Entonces pude ir sobre el capítulo 11, en especial por
los versículos enigmáticos del 27 al 31. Tomemos el 29: dice que en esta Cena
(que para mi era un recuerdo por referencia simbólica) se es juzgado por Dios
si no se discierne el cuerpo y la sangre del Señor. Este no es el lugar para
discurrir sobre disquisiciones exegéticas del texto en cuestión, pero la
realidad es que “discernir” (diakríno) se refiere aquí a “darse cuenta”
(determinar; decidirse por la realidad de lo que está de fondo; distinguir la
verdad de lo que está frente a uno) de la presencia que subyace frente a uno
en la mesa del Señor. En la antigüedad el cernidor (del verbo “cernir”) era un
instrumento para separar (o para dis-cernir) el trigo de los demás componentes
de la planta y de la tierra, pero también de otras plantas que podían
confundirse como verdadero trigo. El discernir con el cernidor era la acción
de darse cuenta, de identificar, de establece r un juicio certero de que lo
que quedó después del ejercicio discernidor fue el trigo de verdad, lo que en
realidad se buscaba, lo que importaba y daba sentido a la búsqueda. En otras
palabras, el que no se da cuenta del verdadero cuerpo (mé diakrínon tó sóma
[v. 28]) del Señor, el que no descubre esa realidad maravillosa que es Cristo
mismo, se está metiendo en un grave problema que puede costarle la salud o la
muerte (11, 30) ?Ahora sí tenía sentido eso de las consecuencias nefastas de
enfermedad y muerte para los profanadores, es decir, para aquellos que
menospreciaban, que no distinguían, que no se decidían, que no se daban cuenta
del auténtico cuerpo de Cristo.

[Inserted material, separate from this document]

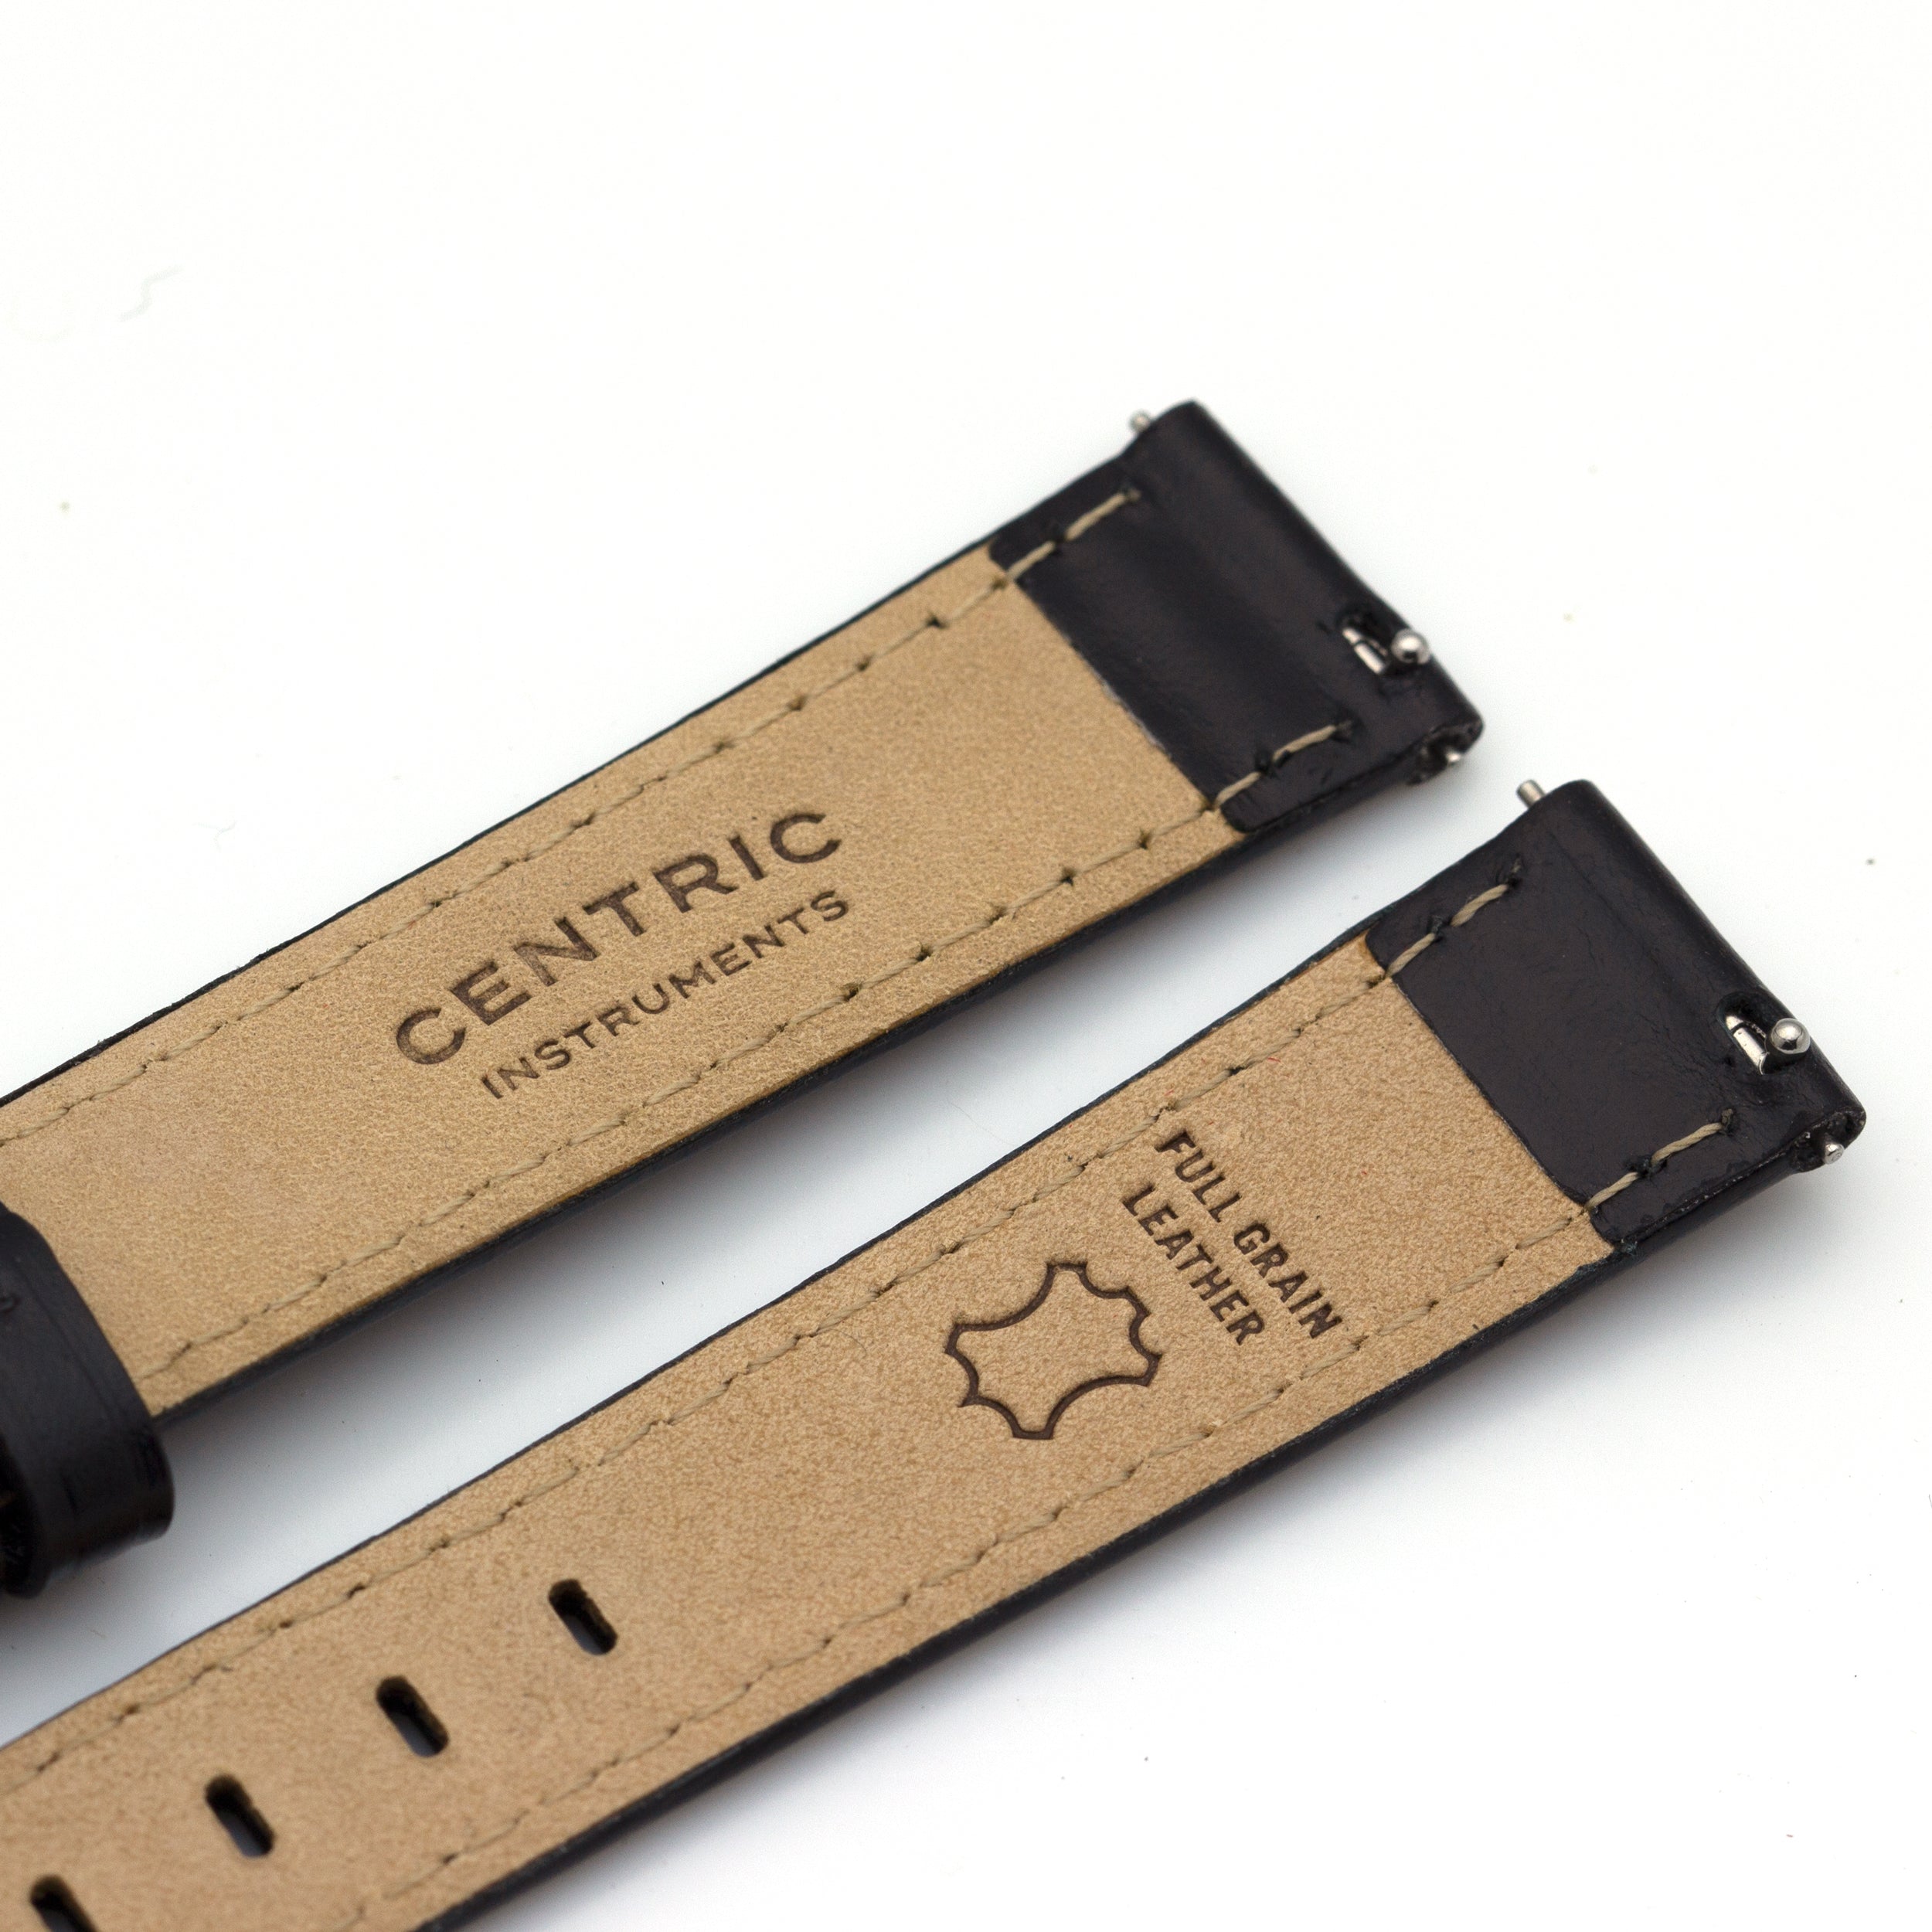 Field Watch MkIII Standard (Ivory) - Leather Band

El Dios del nuevo testamento no iba a matar a
alguien simplemente por haber mal interpretado un mero símbolo?.
La Eucaristía según San Juan
Lo próximo fue el capítulo 6 de San Juan, versículos
22-71. ¡Increíble!: más de 40 versículos que versan sobre la Cena del Señor.
Un pasaje bíblico impr esionante que el catolicismo utiliza para sustentar su
fe inamovible en la presencia real de Jesucristo en la Eucaristía.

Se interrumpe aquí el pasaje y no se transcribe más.